### [Your assignment]
Each entry is to be reproduced verbatim, and images are to be omitted.
** Opening Data excerpts block **
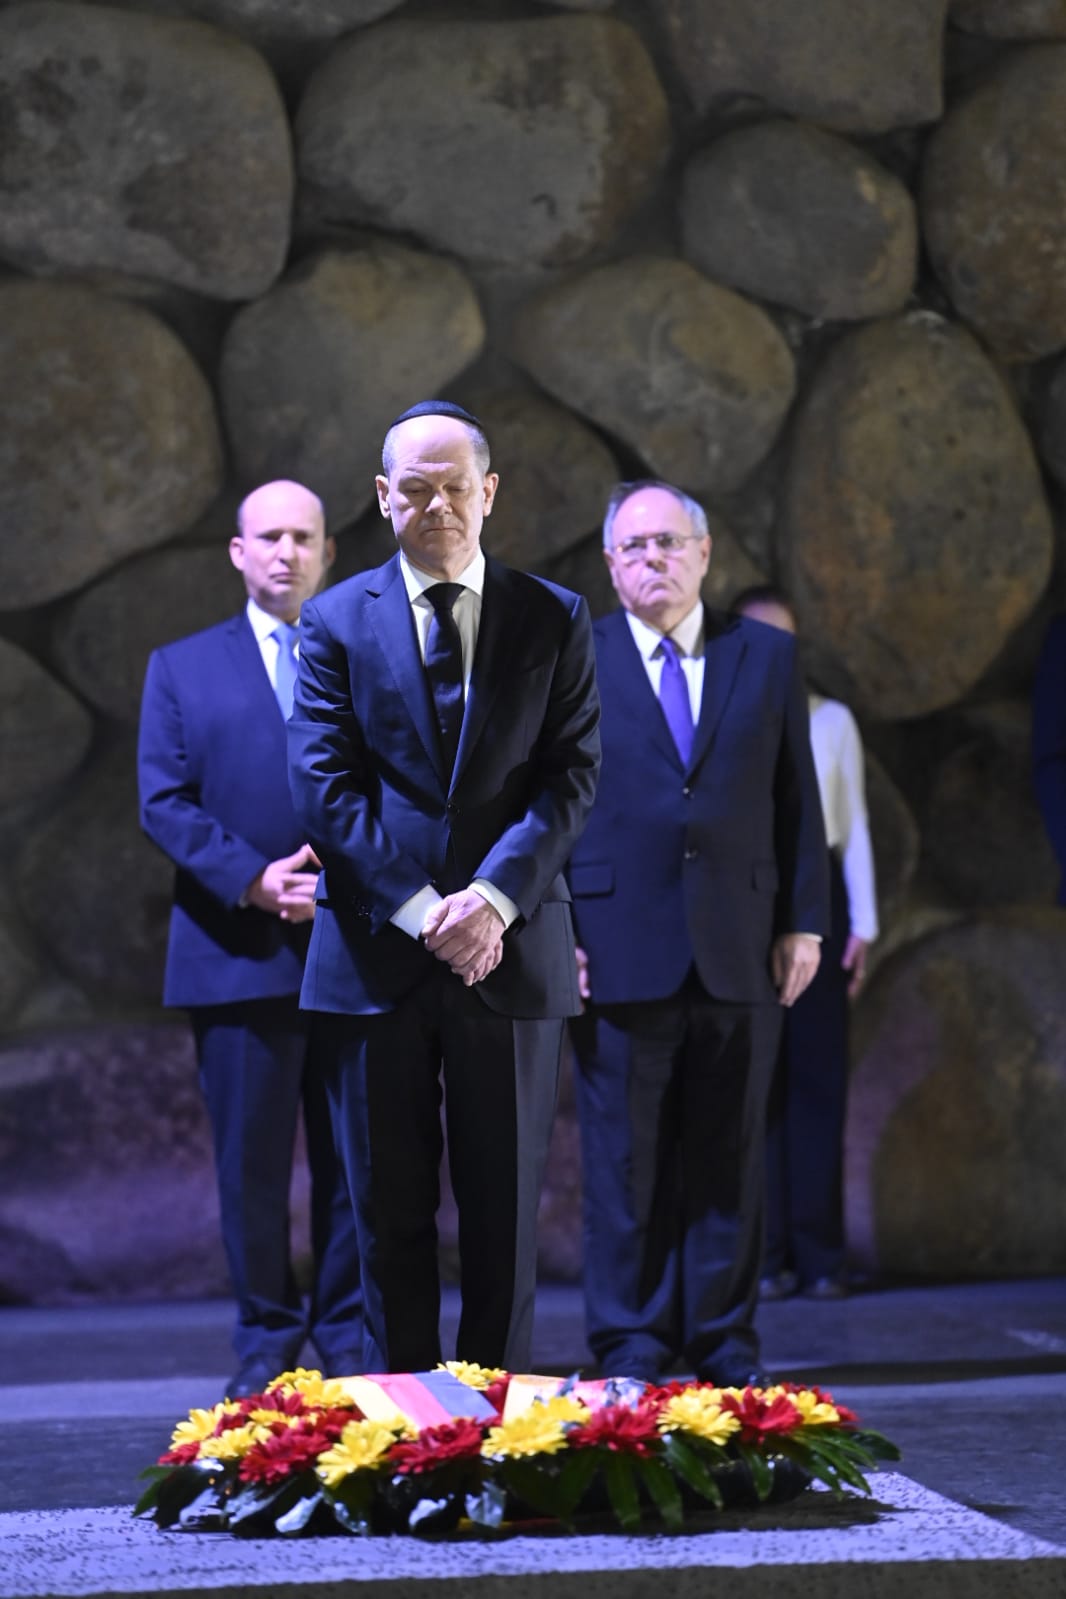 קנצלר גרמניה אולף שולץ בטקס הנחת זר לזכר ששת המיליונים שנרצחו בשואה באוהל יזכור
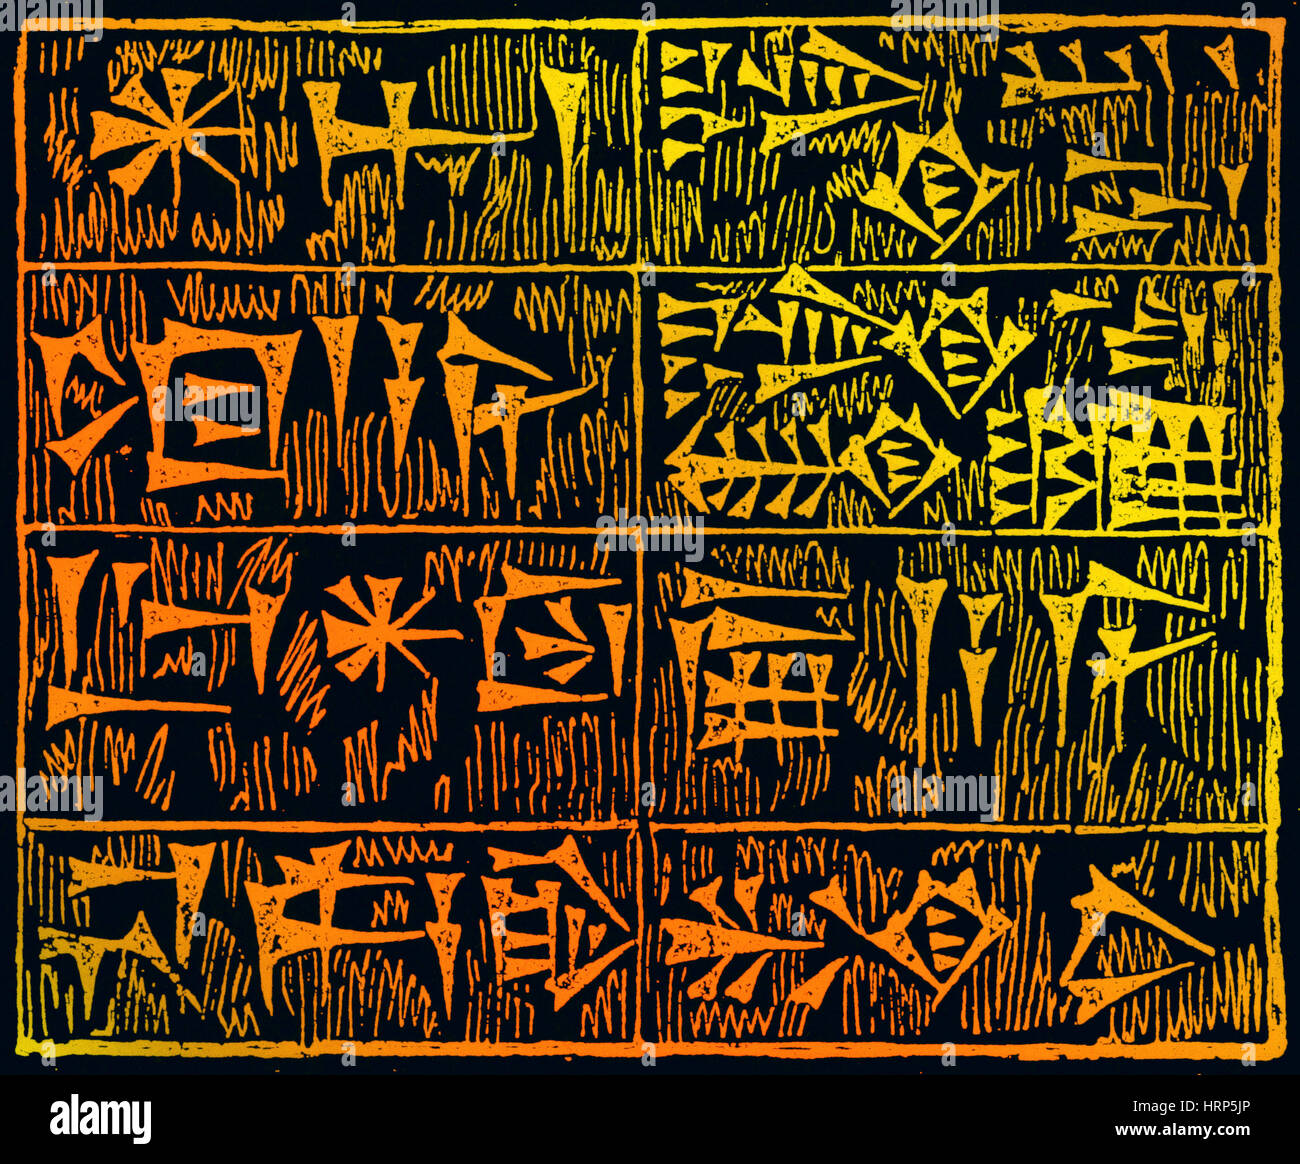 Caratteri cuneiformi Foto Stock
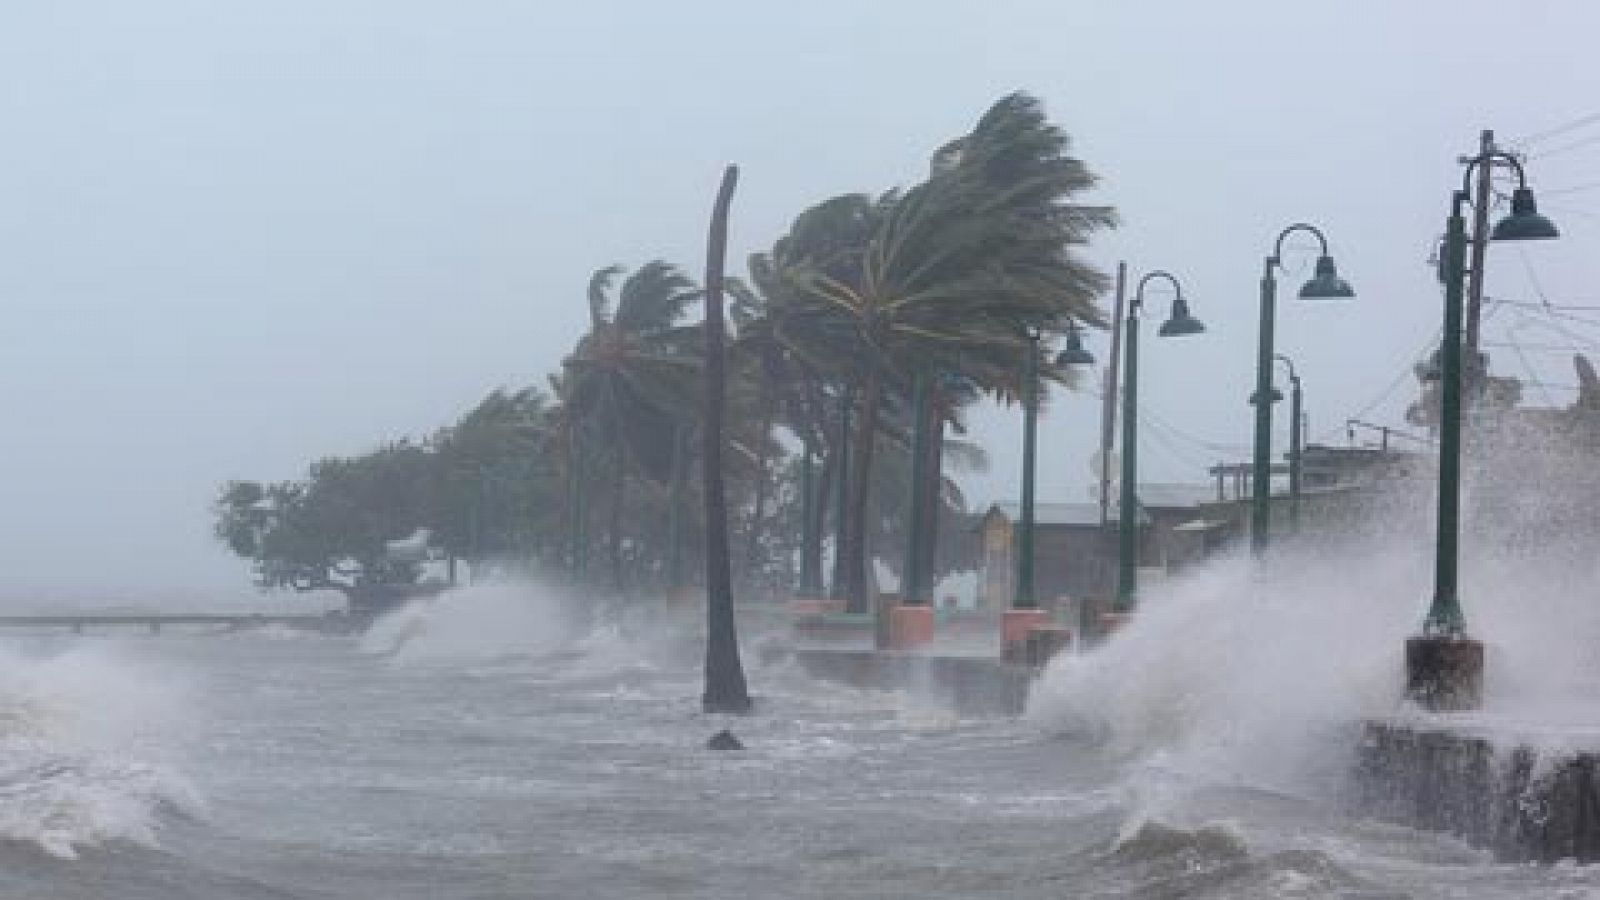 El huracán Irma entra en Puerto Rico tras una "devastación total" en las Antillas Menores
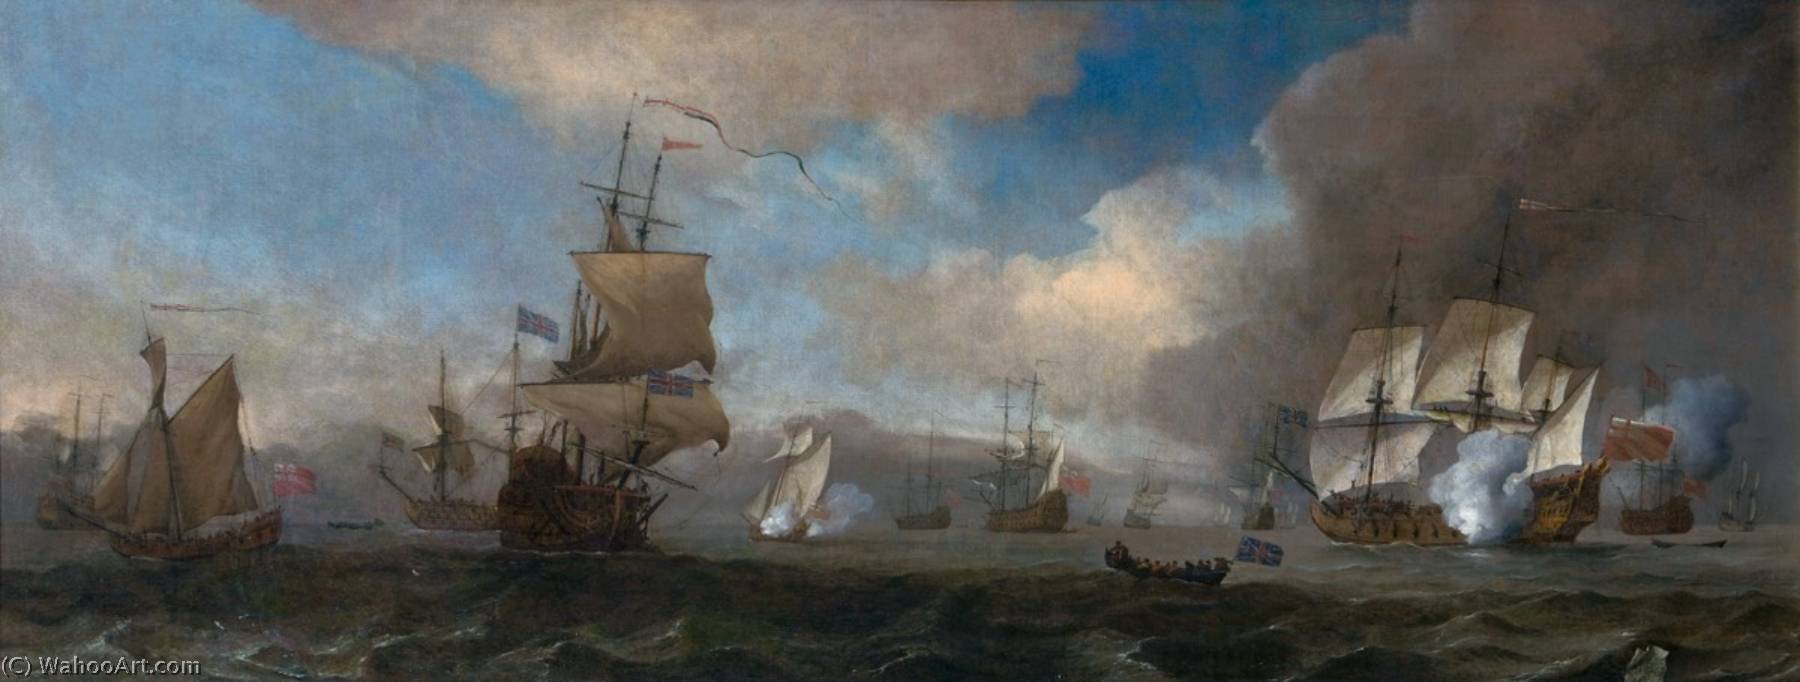 WikiOO.org - 백과 사전 - 회화, 삽화 Willem Van De Velde The Elder - The Battle of Solebay, 26 May 1672
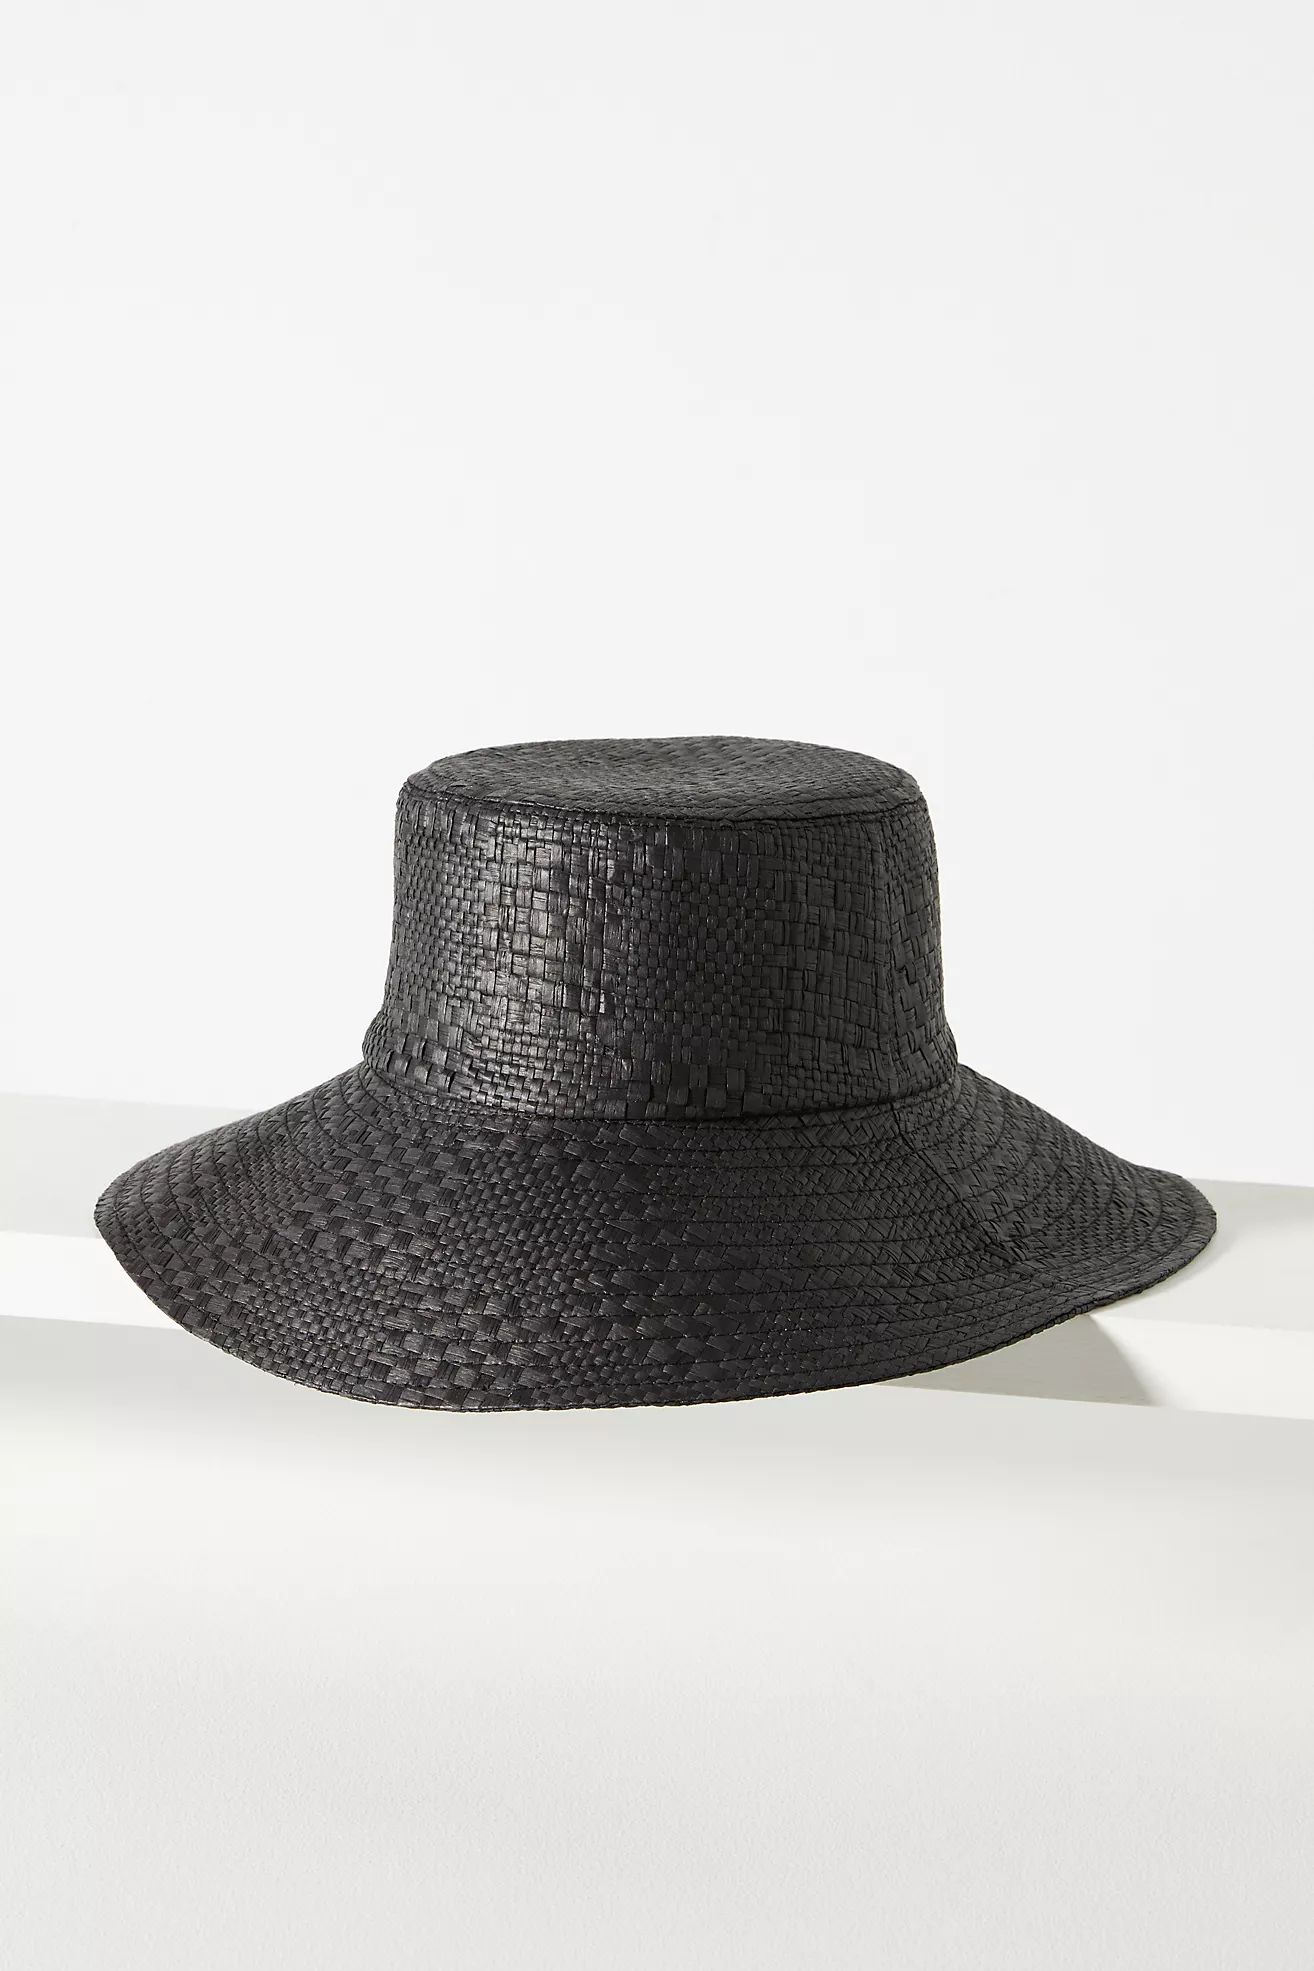 San Diego Hat Co. Checkered Straw Bucket Hat | Anthropologie (US)
** Closing Data excerpts block **
### [Written response]
 קנצלר גרמניה אולף שולץ בטקס הנחת זר לזכר ששת המיליונים שנרצחו בשואה באוהל יזכור
 Caratteri cuneiformi Foto Stock
 El huracán Irma entra en Puerto Rico tras una "devastación total" en las Antillas Menores
 WikiOO.org - 백과 사전 - 회화, 삽화 Willem Van De Velde The Elder - The Battle of Solebay, 26 May 1672
 San Diego Hat Co. Checkered Straw Bucket Hat | Anthropologie (US)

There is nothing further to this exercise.